Разнюниваться она, конечно, не собиралась. Но вот с броней были проблемы. И как знала Мирослава, не у нее одной. Наполеонов тоже не раз жаловался, что никак не может привыкнуть бесстрастно воспринимать убийства и чужую боль. А привыкать, видимо, придется. Ведь им еще работать и работать на этой стезе.
Мирослава круто развернулась, сделала несколько шагов и нажала на звонок двери, расположенной напротив.
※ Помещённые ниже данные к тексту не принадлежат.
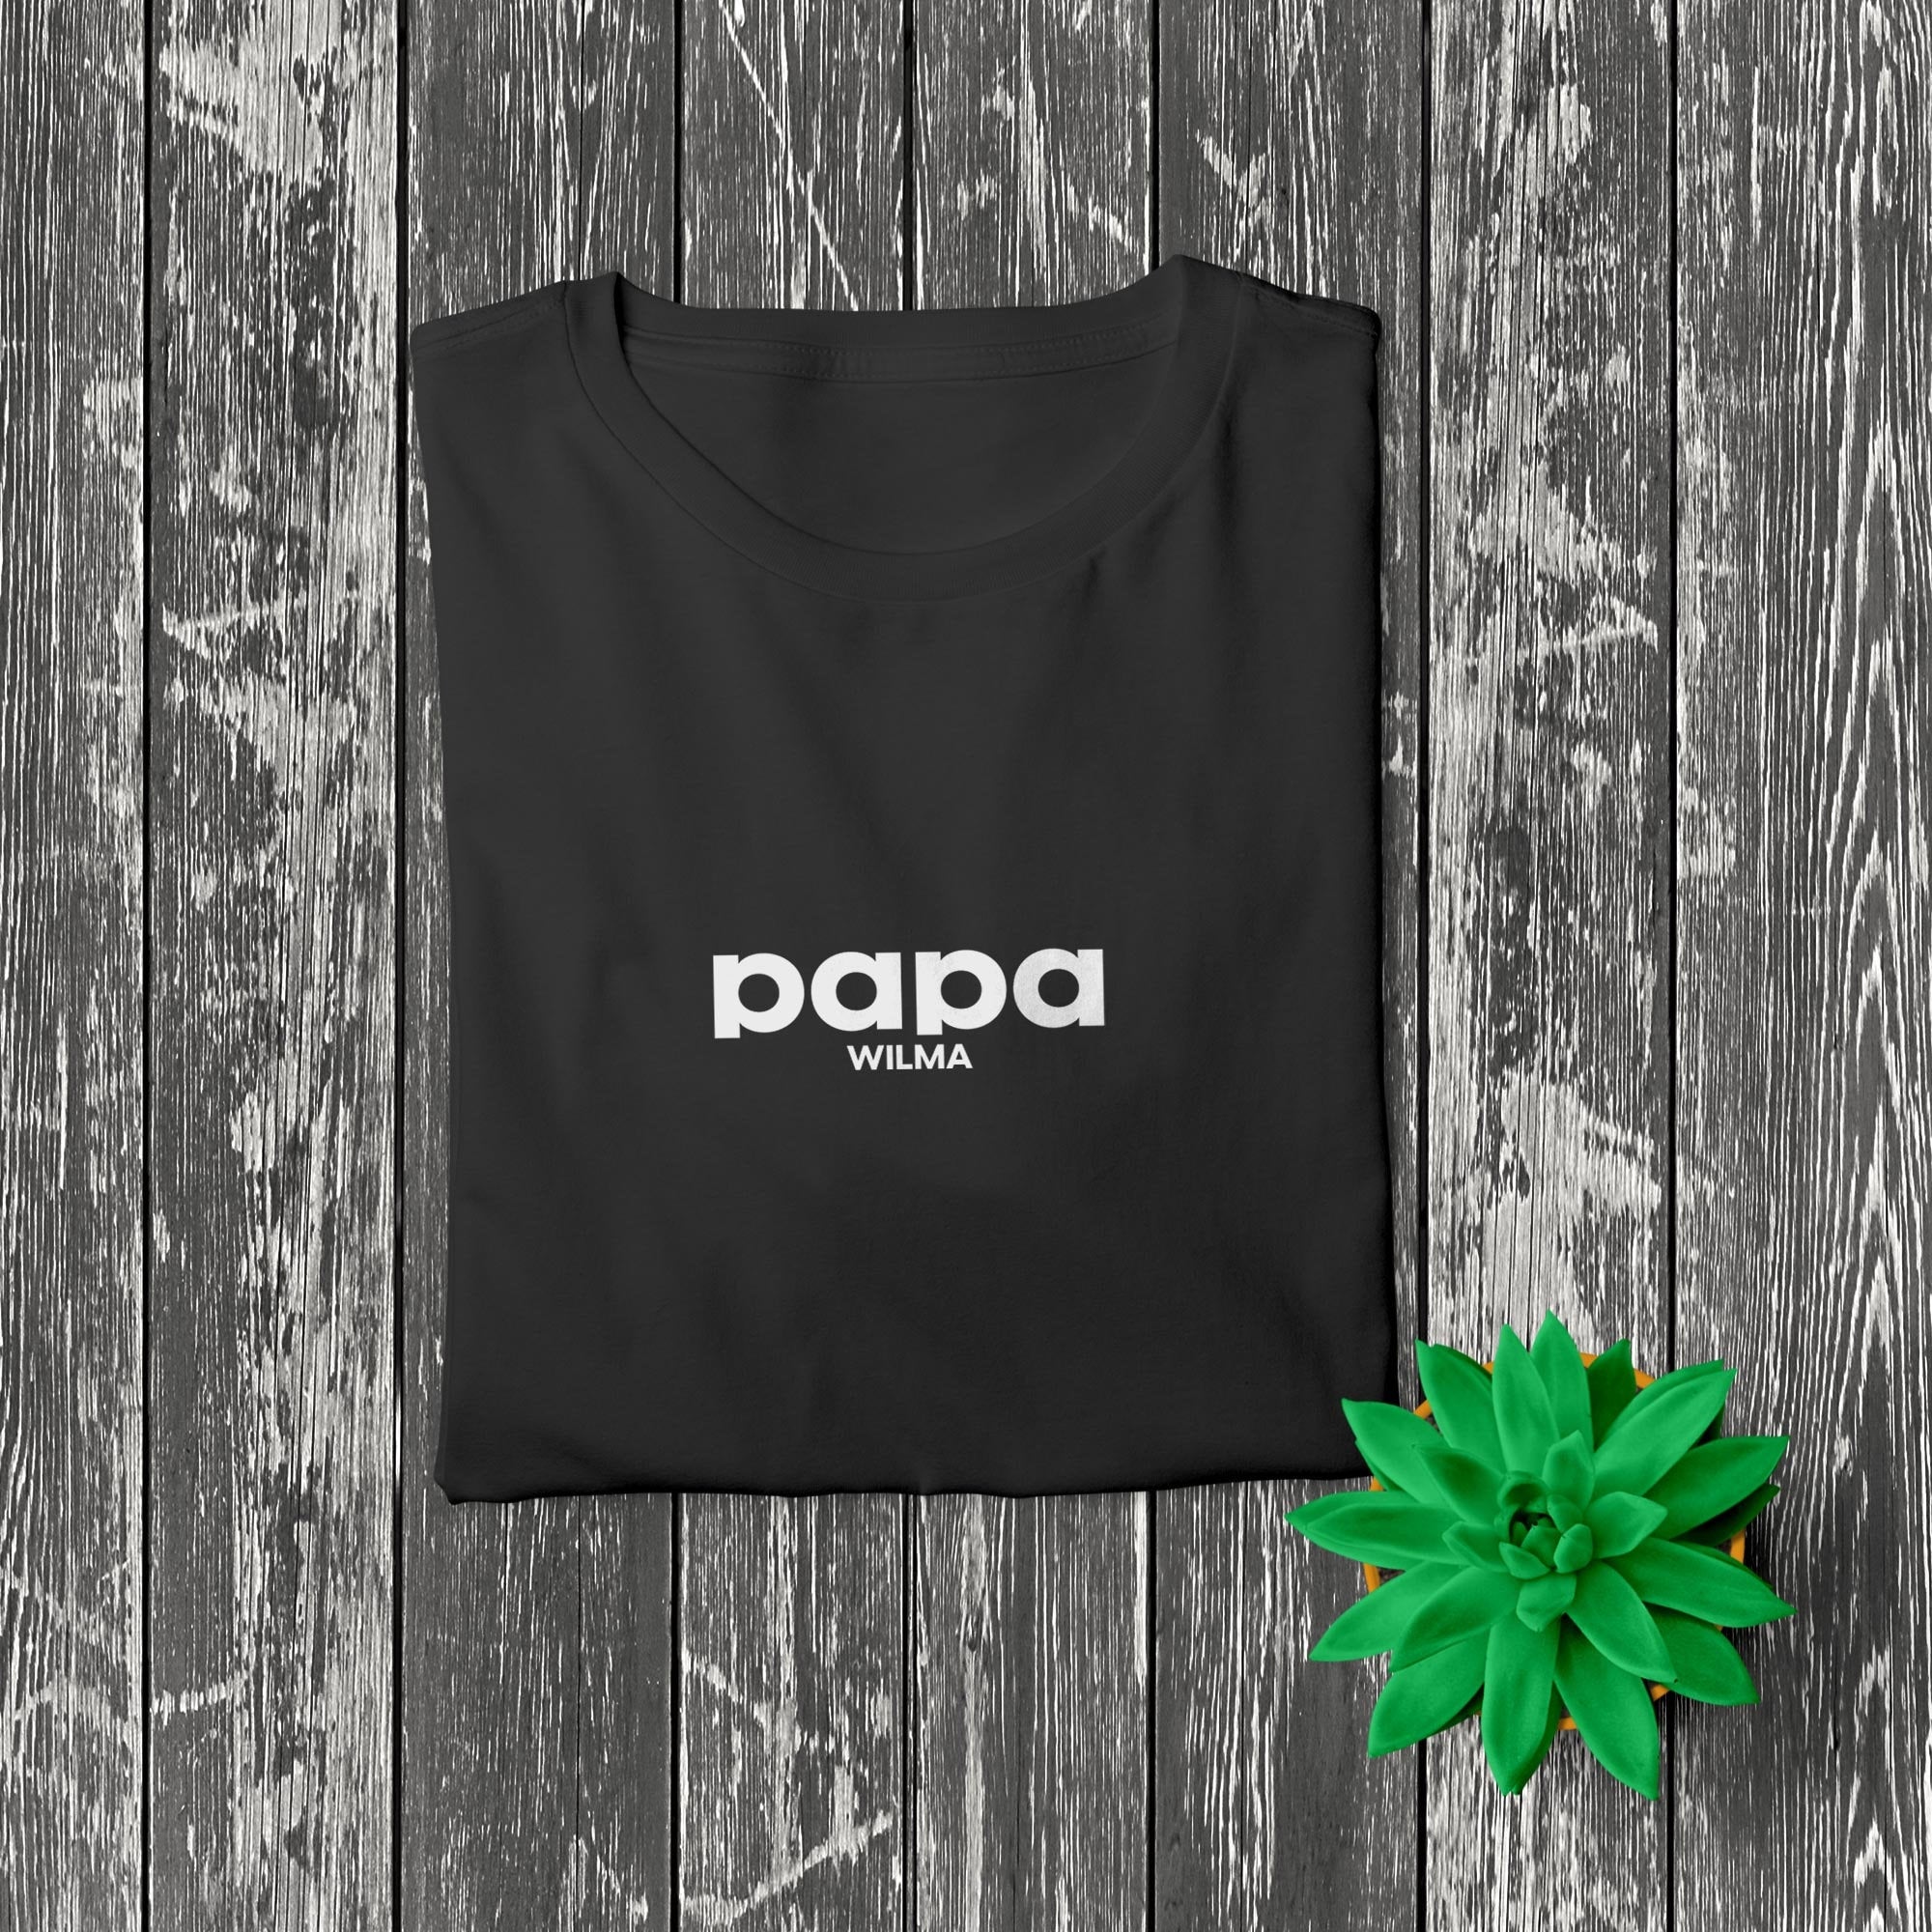 Papa T-Shirt Simple, personalisiert mit Namen

Прошло несколько минут, Мирослава уже хотела позвонить еще раз, но тут услышала голос, донесшийся из-за двери:
– Кто там?
– Детектив Мирослава Волгина.
Дверь открылась на цепочку. Первое, что увидела Мирослава, был нос. А на носу очки. Именно к этому носу она придвинула руку с развернутым удостоверением.
– Ну, что ж, деточка, – сказал старческий голос, – заходите.
Тихонько звякнула цепочка, и дверь открылась.
– Мне нужна Мария Геннадьевна Федоскина.
– Так вот я вся перед вами, – ответила хозяйка квартиры, – пойдемте на кухню, я как раз завтракать собираюсь.
Кухня, на которой они оказались, была небольшой, но идеально чистой. На окошке с цветастыми занавесками стояли две герани – огненно-красная и кипенно-белая.
– Садитесь, чего же вы стоите, – сказала Мария Геннадьевна.
И Мирослава, оглядевшись, присела на крашенную коричневой масляной краской табуретку. Хозяйка тем временем сняла чайник с плиты, заварила чай, заглянула в холодильник, шкафчик и духовку. Так на столе появились сливочное масло, сыр, сахар, варенье и горячая ватрушка с творогом, которая тотчас была ловко разрезана хозяйкой на небольшие кусочки.
– Угощайтесь. – И хозяйка придвинула поближе к Мирославе чашку с дымящимся чаем.
– Спасибо, – вежливо ответила Мирослава и сделала пару глотков.
– И ватрушку мою пробуйте. Еще никто на мою выпечку не жаловался.
– Благодарю. – Пришлось детективу съесть и кусочек ватрушки. Но потом она решила больше не тянуть с разговором, ради которого она и пришла к Федоскиной. – Мария Геннадьевна, я уже сказала вам, что я детектив.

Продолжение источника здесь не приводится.